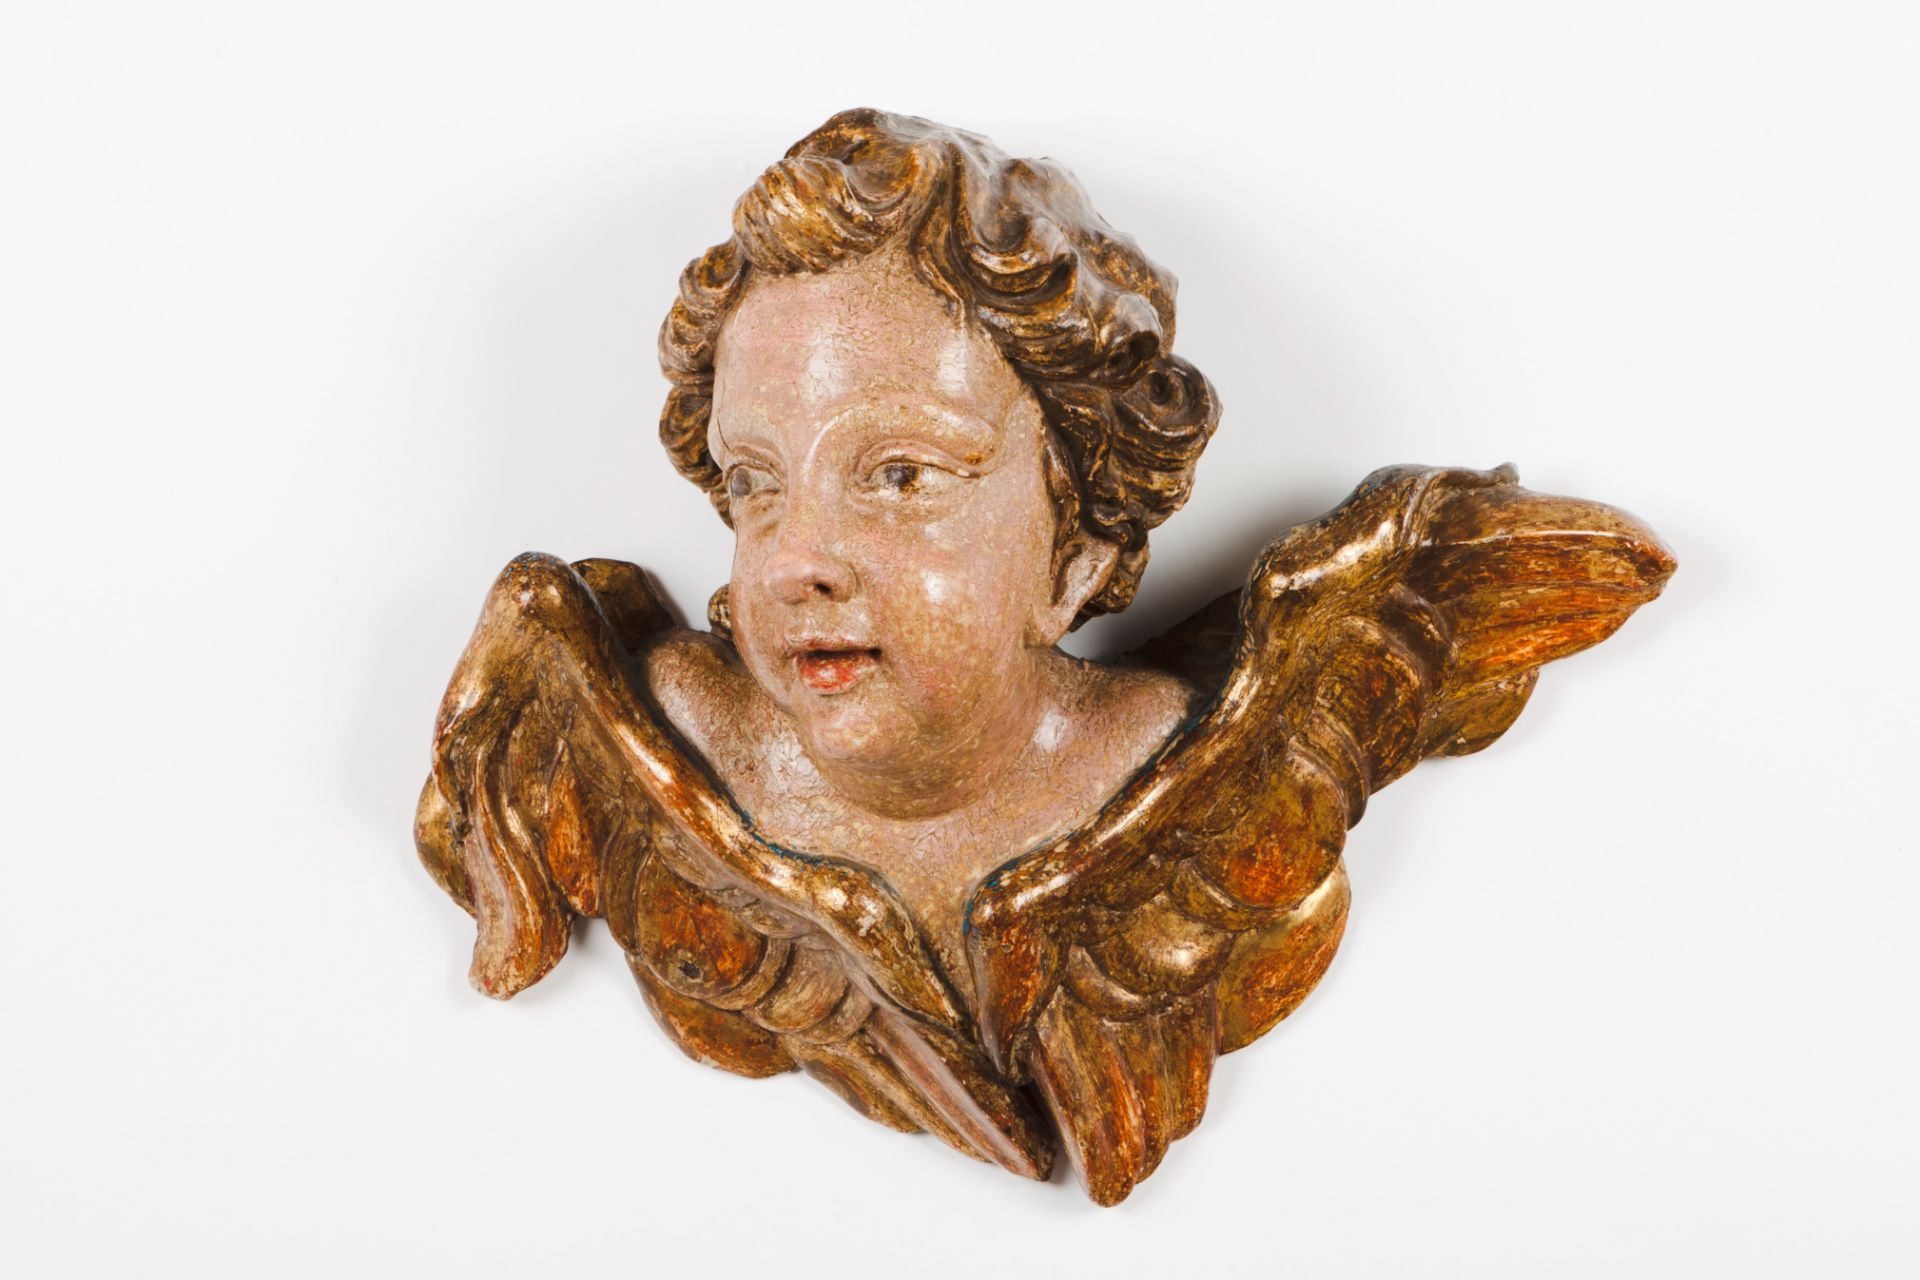 A pair of Angel's headsCarved, gilt and polychrome wooden sculptures Portugal, 18th century ( - Image 2 of 2
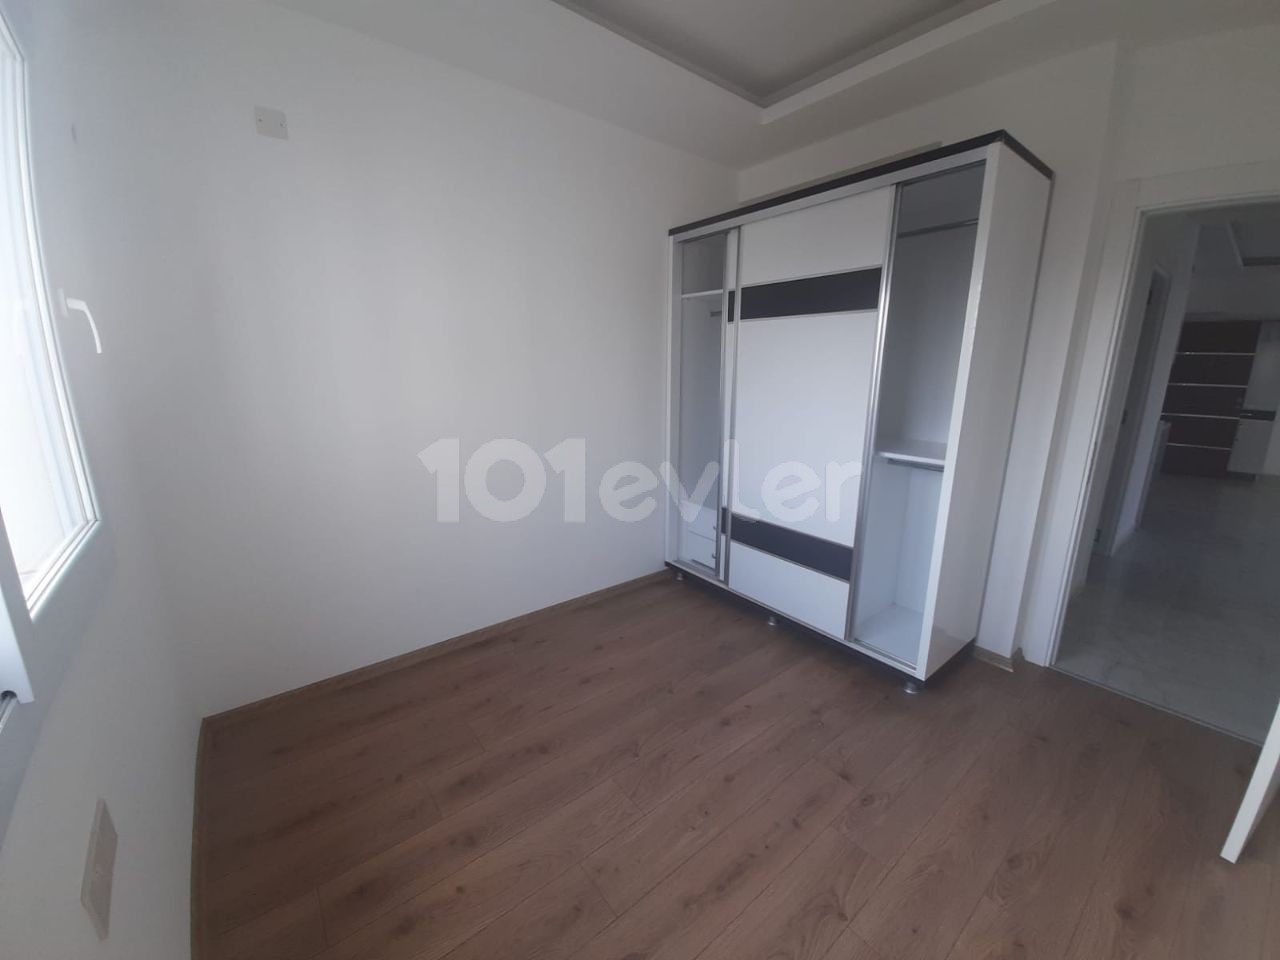 2+1 flats for sale in iskele long beach unfurnished flats 85 square meters 130.000 STG QUALITY WORKMANSHIP WALKING DISTANCE TO THE SEA. FLAT IS ON THE 1st FLOOR.
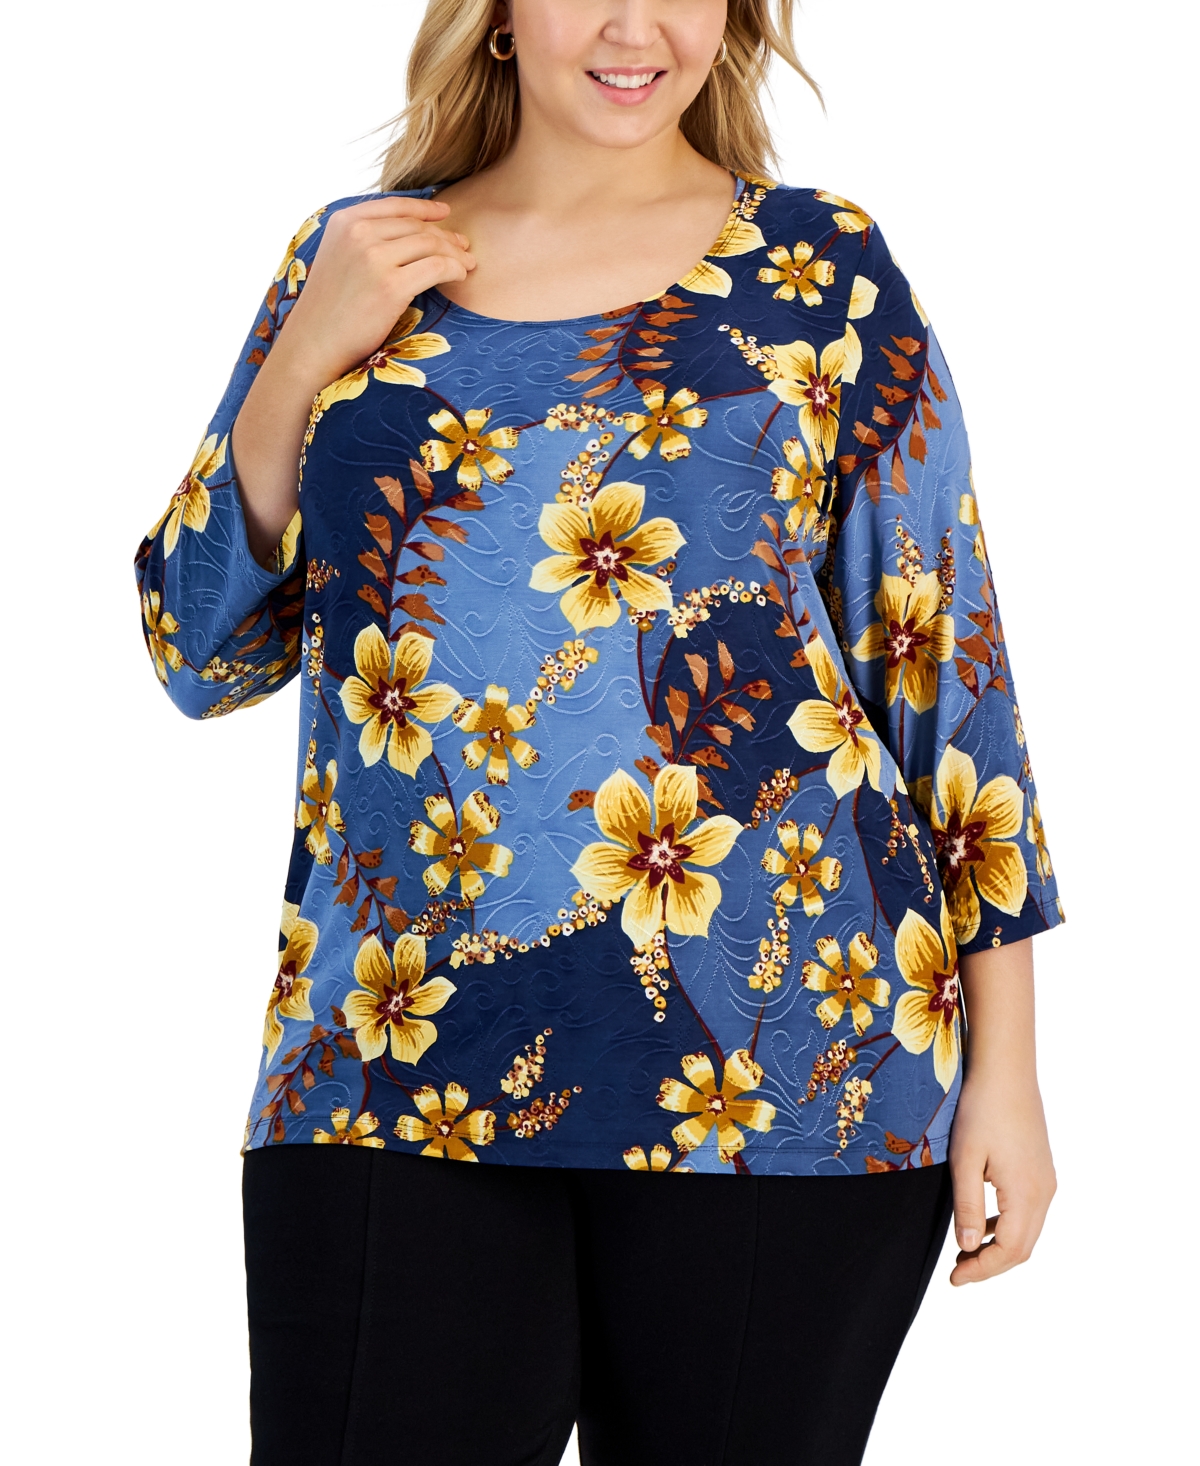 JM Collection Floral-Print Cold-Shoulder Top, Created for Macy's - Macy's
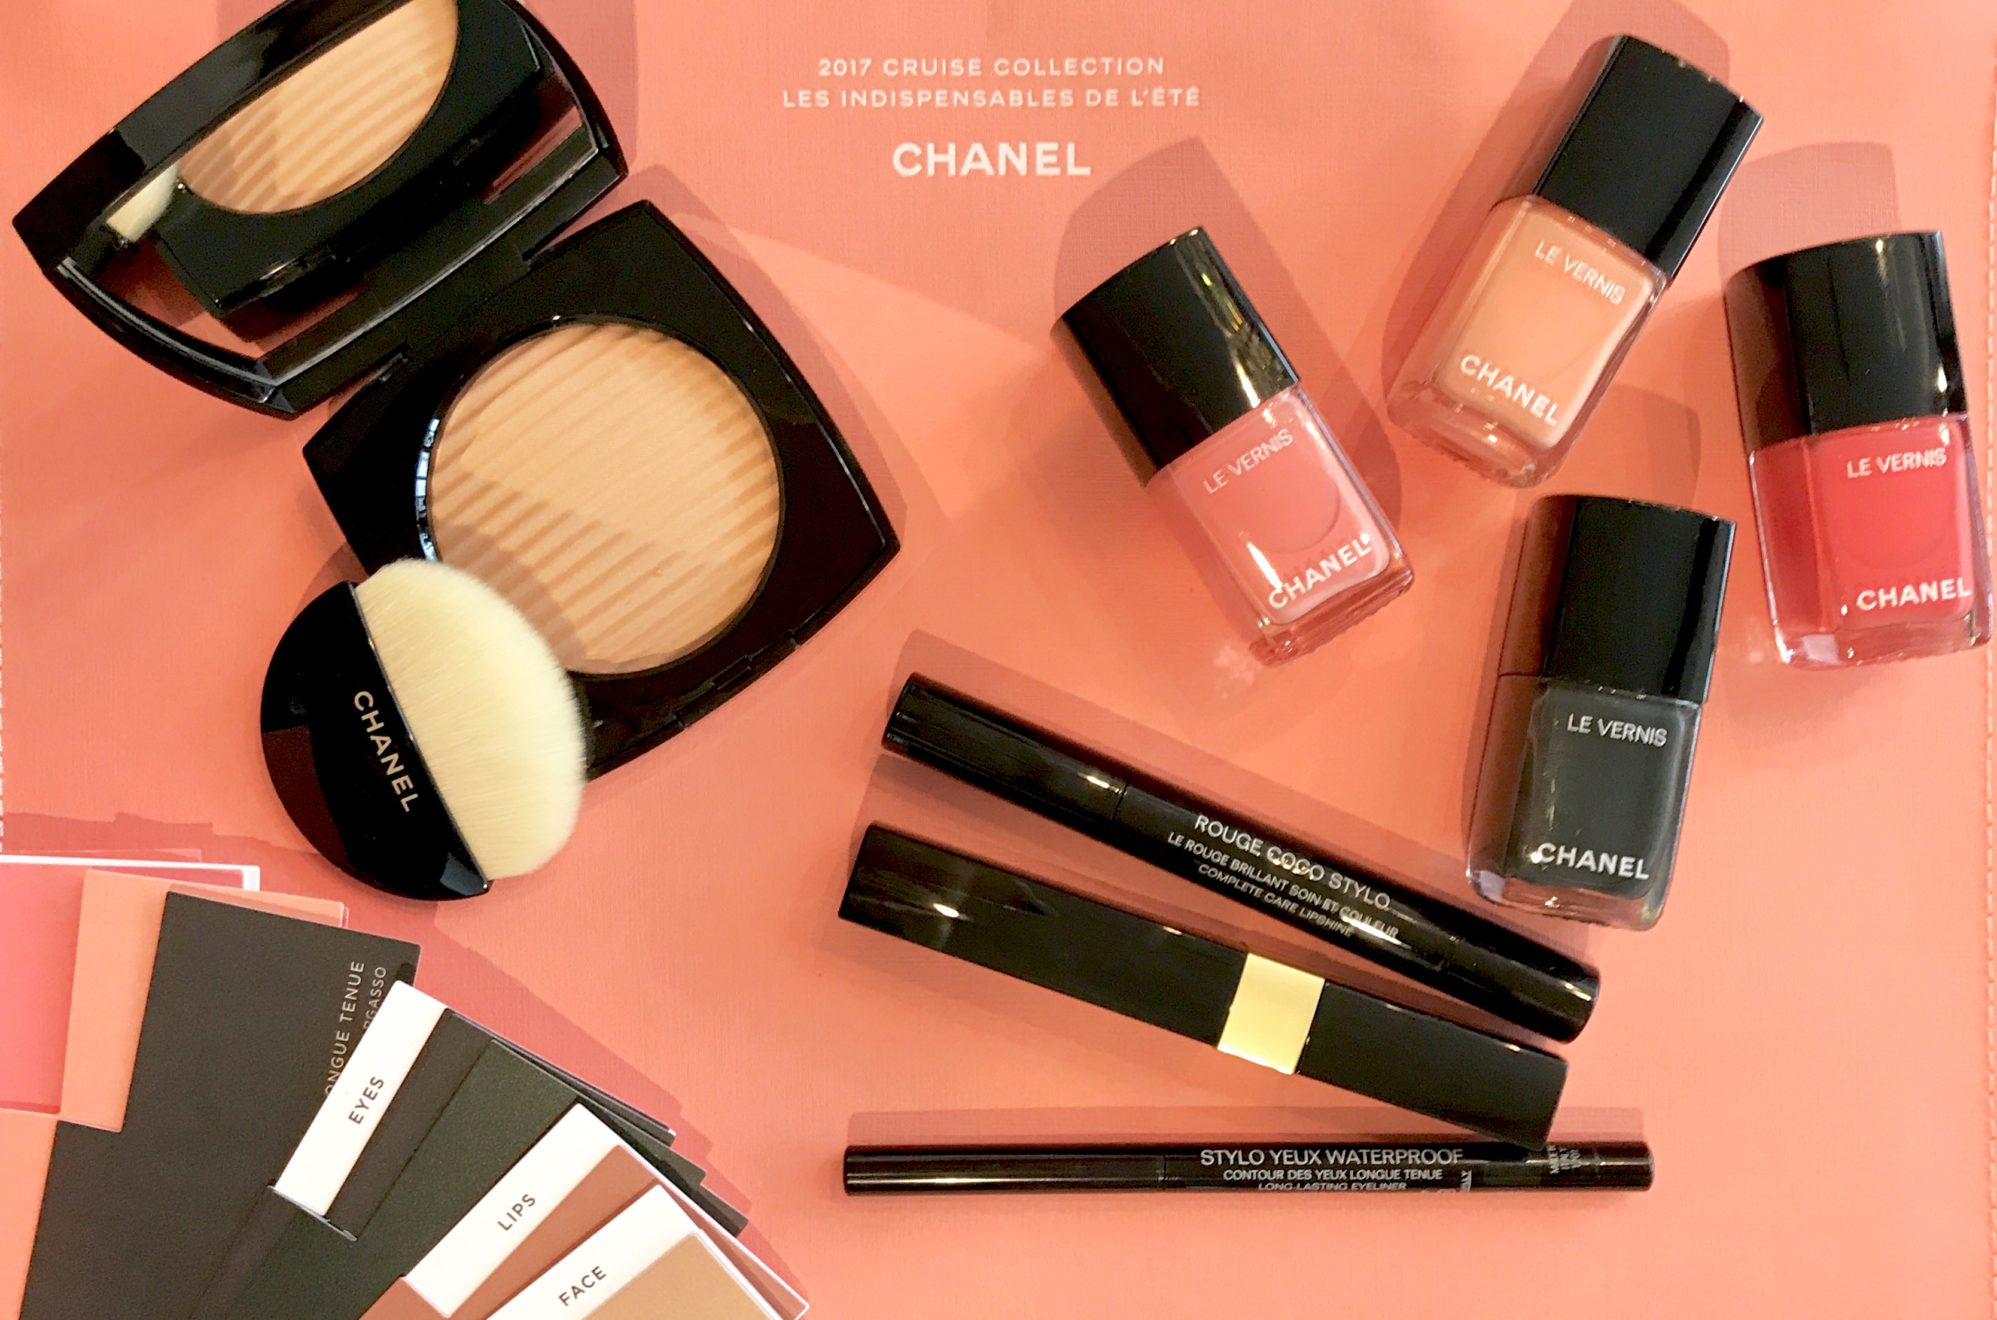 CHANEL CRUISE COLLECTION 2017: review and swatches

» **WHAT YOU NEED TO DO**
Would you please set down the listing above exactly, minus its images?

» **ANSWER FOR THE TASK**
 A pair of Angel's headsCarved, gilt and polychrome wooden sculptures Portugal, 18th century ( - Image 2 of 2
 2+1 flats for sale in iskele long beach unfurnished flats 85 square meters 130.000 STG QUALITY WORKMANSHIP WALKING DISTANCE TO THE SEA. FLAT IS ON THE 1st FLOOR.
 JM Collection Floral-Print Cold-Shoulder Top, Created for Macy's - Macy's
 CHANEL CRUISE COLLECTION 2017: review and swatches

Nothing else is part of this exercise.